When you bracket "of the fiction" in connection with skilled play, do you mean the shared imaginary world in which game action takes place? And do you have in mind players making choices and DM extemporising outside of, or in ways that might even have a determining role upon the outcome of, the designed game mechanics that are represented in RAW? I am wondering if you feel that the telling stories part of RPG can be skillful?
Obviously I'm not
@Campbell, but I've read a lot of his posts over the years.
Campbell is not positing
the fiction as
contrasting with the game mechanics presented in the rules. I think he largely agrees with the following remark
made by Vincent Baker about the relationship between mechanics and fiction:
Roleplaying is negotiated imagination. In order for any thing to be true in game, all the participants in the game (players and GMs, if you've even got such things) have to understand and assent to it. When you're roleplaying, what you're doing is a) suggesting things that might be true in the game and then b) negotiating with the other participants to determine whether they're actually true or not. . . .
So look, you! Mechanics might model the stuff of the game world, that's another topic, but they don't exist to do so. They exist to ease and constrain real-world social negotiation between the players at the table. That's their sole and crucial function.

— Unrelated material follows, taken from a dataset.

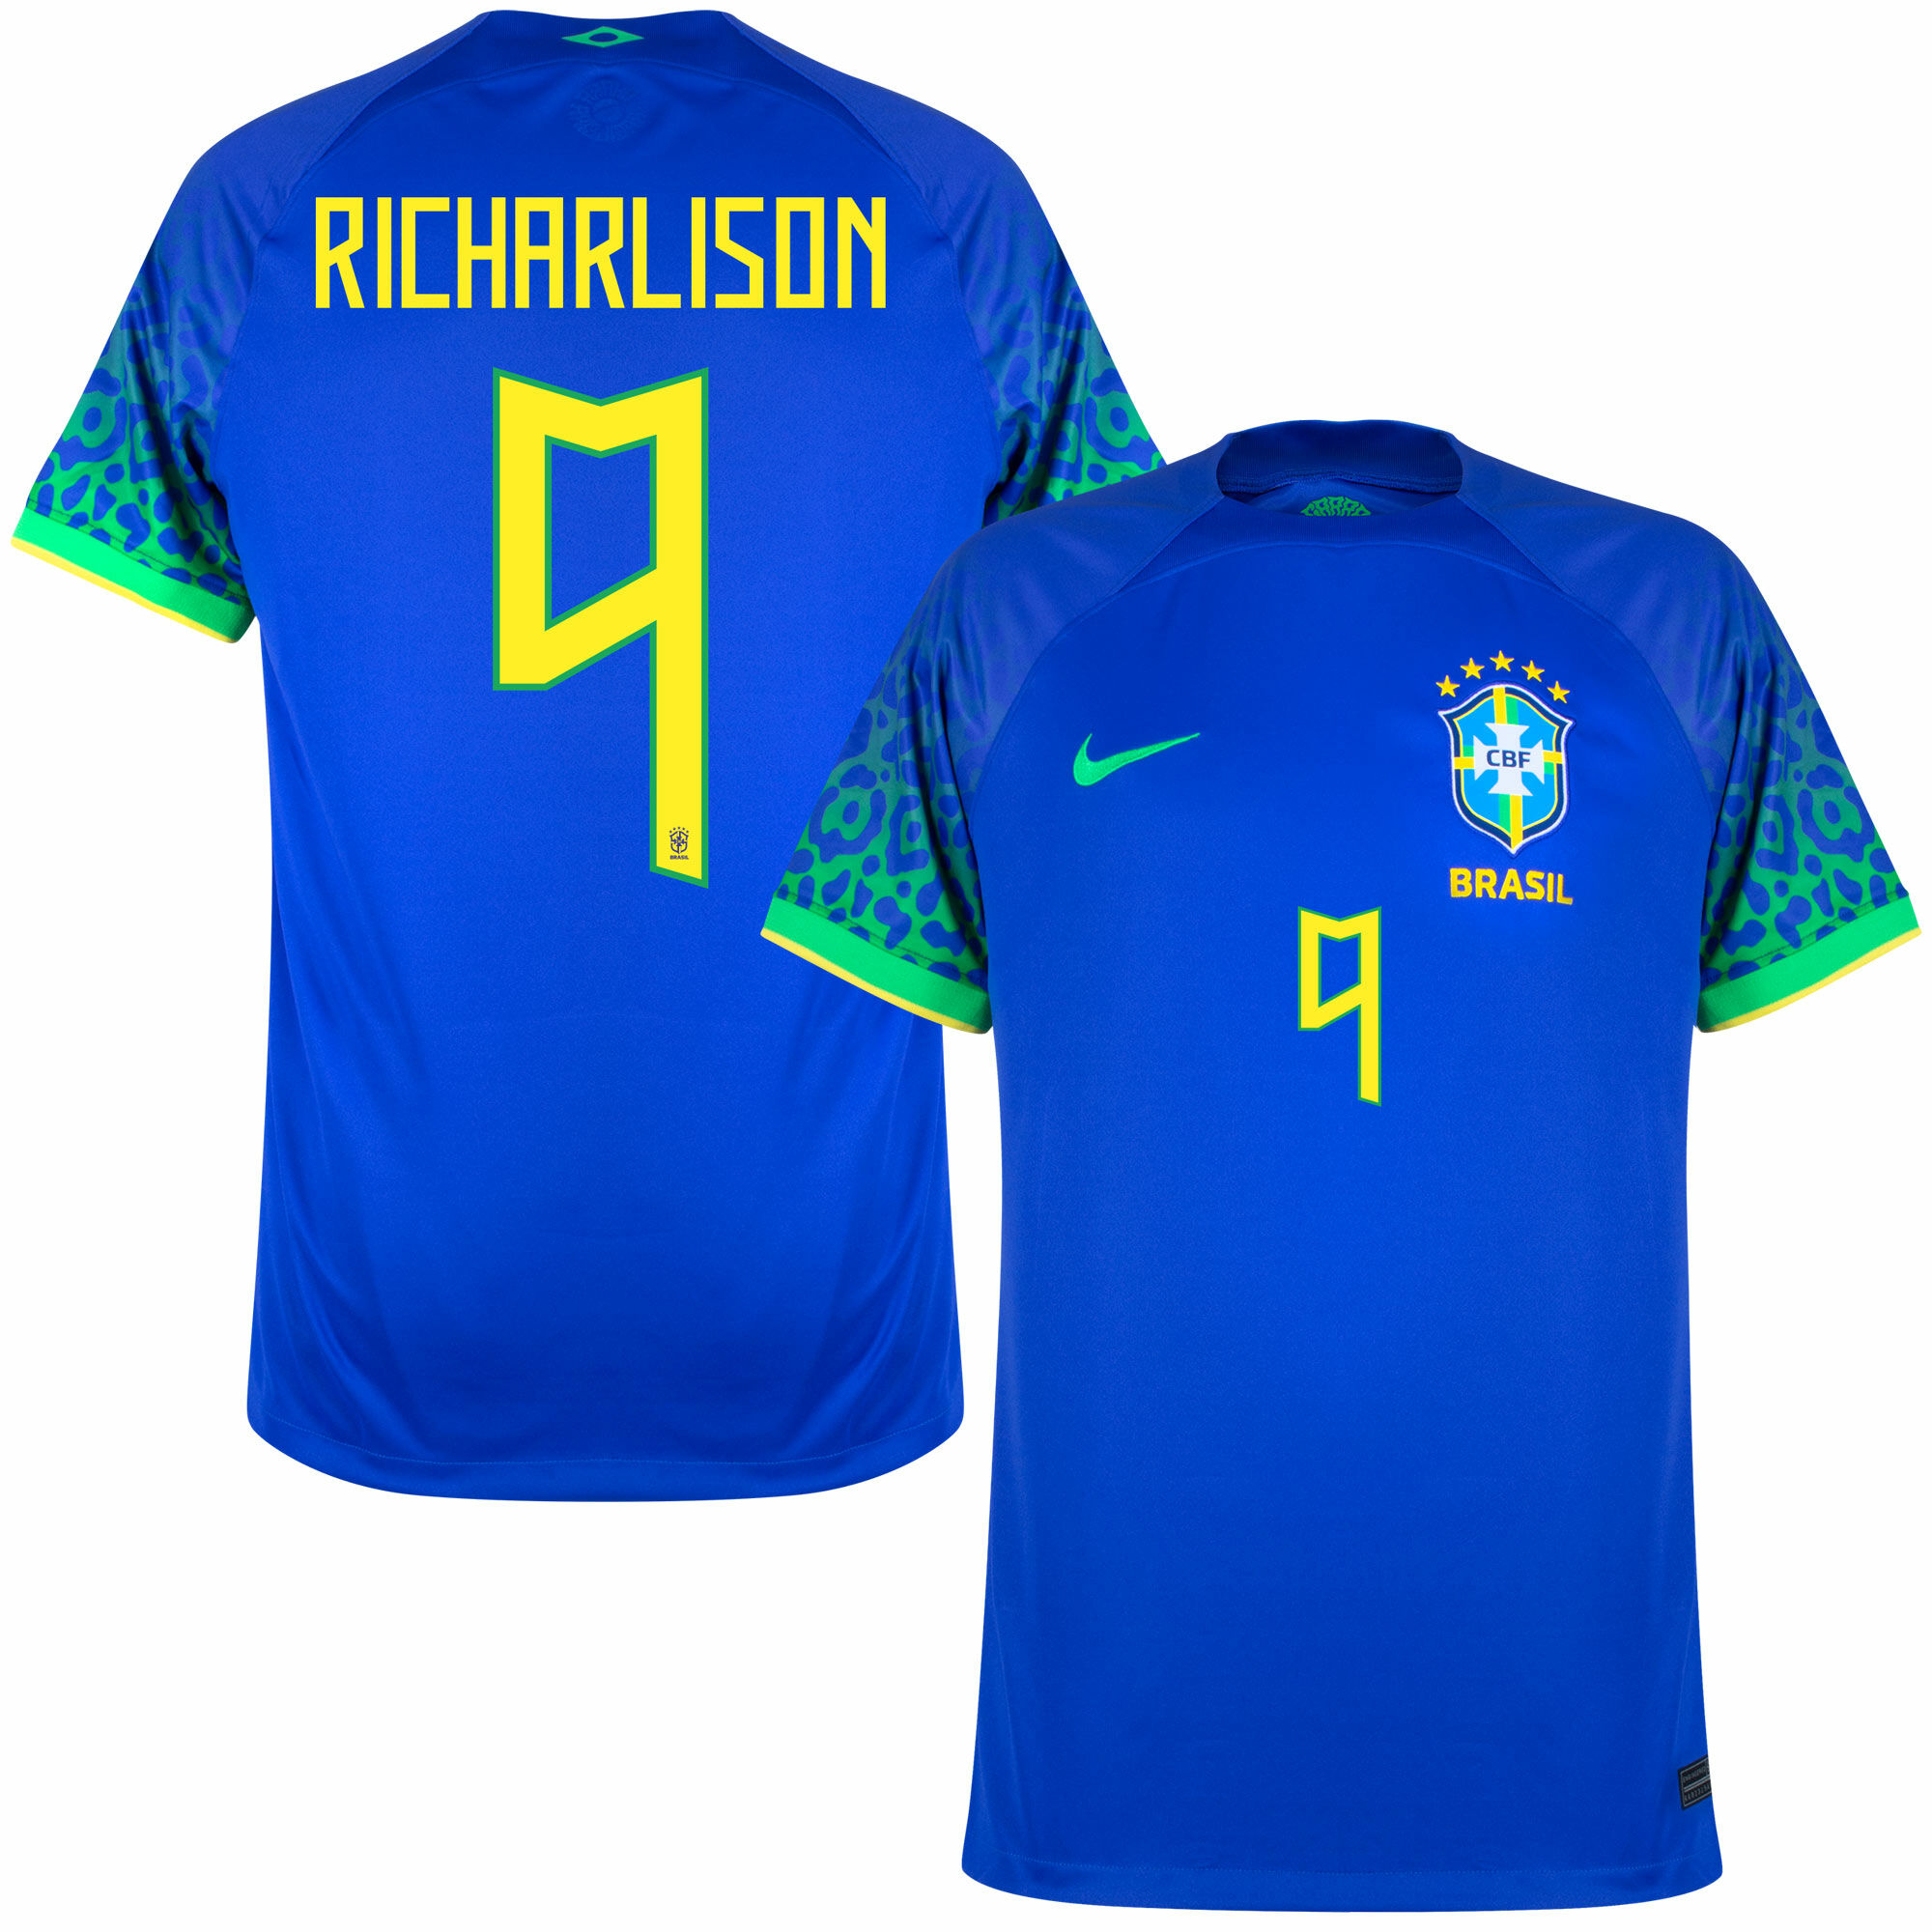 Brazílie - Dres fotbalový - Richarlison, oficiální potisk, sezóna 2022/23, modrý, číslo 9, venkovní

If we believe that a suite of agendas-principles-techniques are effective in producing cohesion among a cohort of players playing a game, then it seems to me that we must believe that an alternative suite will lead to a different cohort playing that game in a different way from the first group. Thus we believe that one game can be played in different ways depending on suite chosen, unless we have a suitability-thesis that stipulates that a game-artifact will be more suitable for some suites over others.
Or unless we take the view that adopting a different suite of agendas-principles-techniques makes it a different game.